0
« Faire ses Humanités pour faire un Humaniste »
Telle pourrait être la devise du Franc-Maçon qui, à l’issue de ses
voyages initiatiques au cours desquels il sera mis en possession des moyens et des objets de la
Connaissance, coopérera à l’exécution du Grand Œuvre. En effet, le symbole commun à tous les
degrés du Rite Ecossais Ancien et Accepté est celui de la construction d’un édifice, construction
du Temple, symbole de l’univers, dont l’homme est lui-même l’image en tant que microcosme.

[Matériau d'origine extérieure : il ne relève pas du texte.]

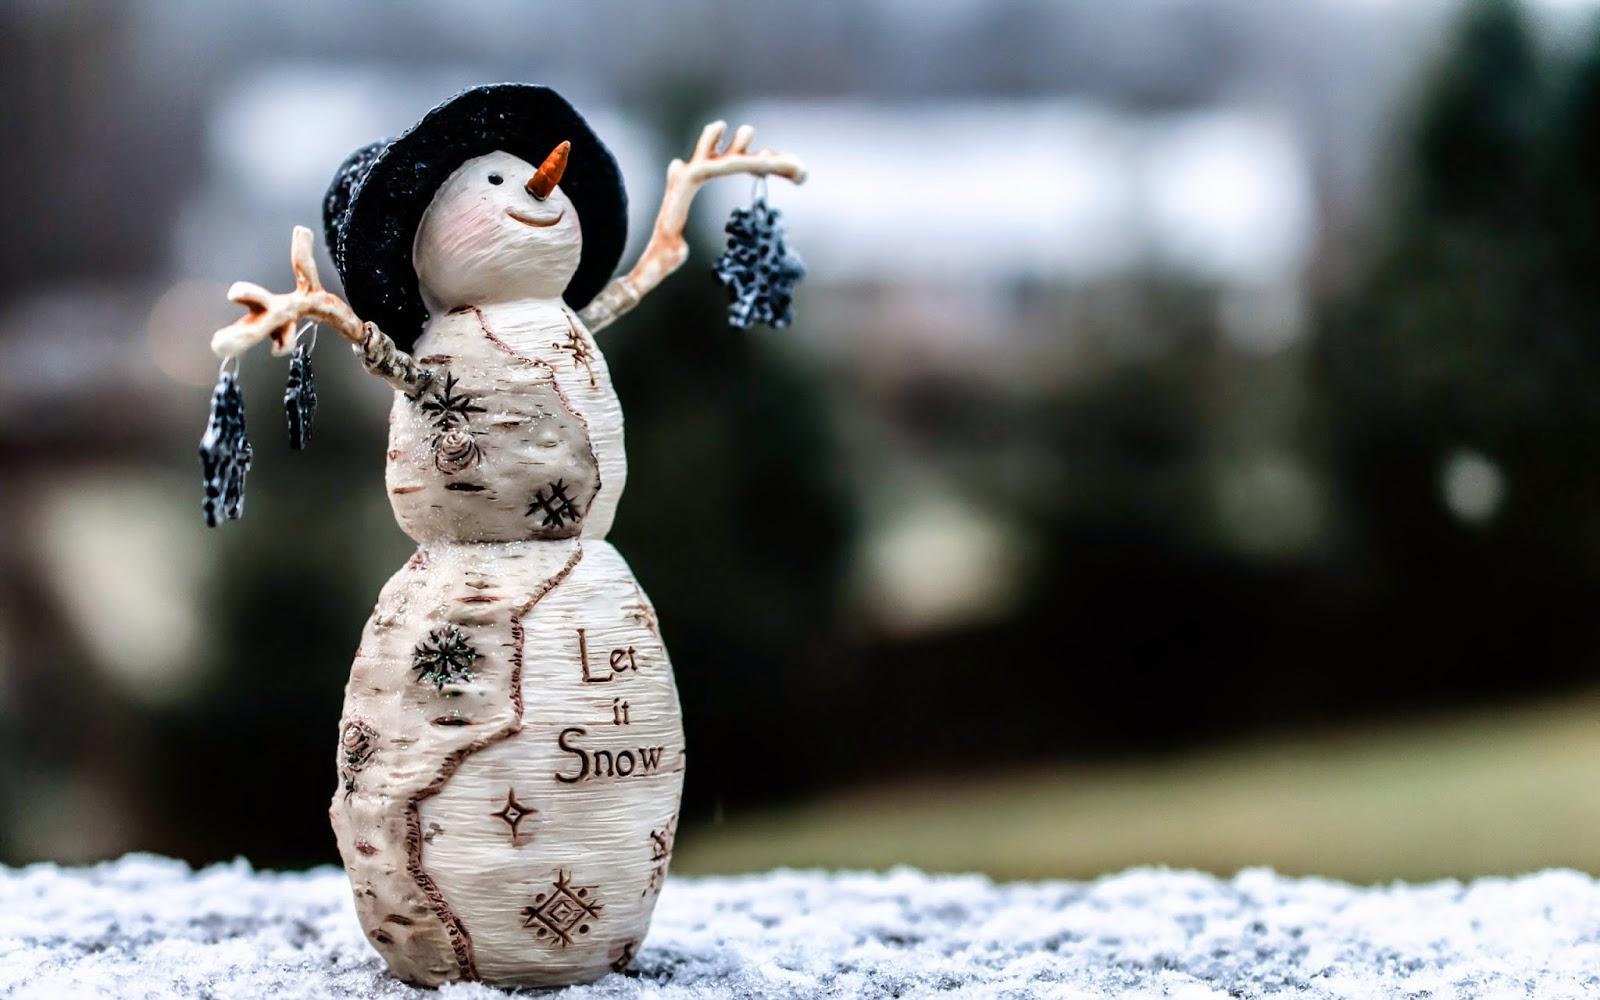 let-it-snow-text-snowman-image-HD-wallpaper-for-desktop-pc-laptop.jpg

Ainsi, ayant fait en quelque sorte ses Humanités afin de se construire lui-même, l’éternel
Compagnon que nous sommes participera donc à la construction de l’homme en général, c'est-à-
dire l’autre, le « tout autre », en rendant le monde qui l’entoure plus humain, témoignant ainsi de
son humanisme.
Mais, qu’est-ce que l’humanisme ? et tout d’abord, qu’est-ce que l’humanité ?
Prolégomènes :
La notion d’Humanité :
L’Homme est-il un animal politique et qui parle, comme le voulait Aristote ? Un animal à
deux pieds et sans plume, comme l’affirmait Platon. Un animal raisonnable, comme le pensaient
les stoïciens puis les scolastiques ? Un être qui rit, pour Rabelais ; qui pense, pour Descartes ; qui
juge pour Kant ; qui travaille pour Marx ; qui crée pour Bergson ? Aucune de ces réponses ni
leur somme n’est en fait satisfaisante car l’humanité ne se définit pas par ce qu’elle fait ou sait
faire mais parce qu’elle est… Ainsi l’humanité est d’abord un fait biologique et si elle peut
devenir valeur ou vertu, ce n’est que par la fidélité à ce fait et à cette espèce. « Chaque homme,
disait Montaigne, porte la forme entière de l’humaine condition ».
1
On naît homme, on devient humain ; mais qui échoue à le devenir n’en est pas moins
homme pour autant. L’humanité n’est pas une création mais bien plus une transmission ; elle est
ainsi naturelle avant que d’être culturelle, ce n’est pas une essence, c’est une filiation : Homme
parce que fils de l’homme…
Que l’humanité soit d’abord une espèce animale, c’est ce qui pose aussi, et surtout, la
question de l’humanisme comme morale. Il y a donc tout d’abord un humanisme pratique qui
consiste à accorder une certaine valeur à l’humanité, c'est-à-dire à s’imposer un certains nombre
de devoirs et d’interdits. Ainsi, si les hommes ont des droits, c’est d’abord que nous avons des
devoirs, tous les uns par rapport aux autres : agir humainement et pour l’humanité.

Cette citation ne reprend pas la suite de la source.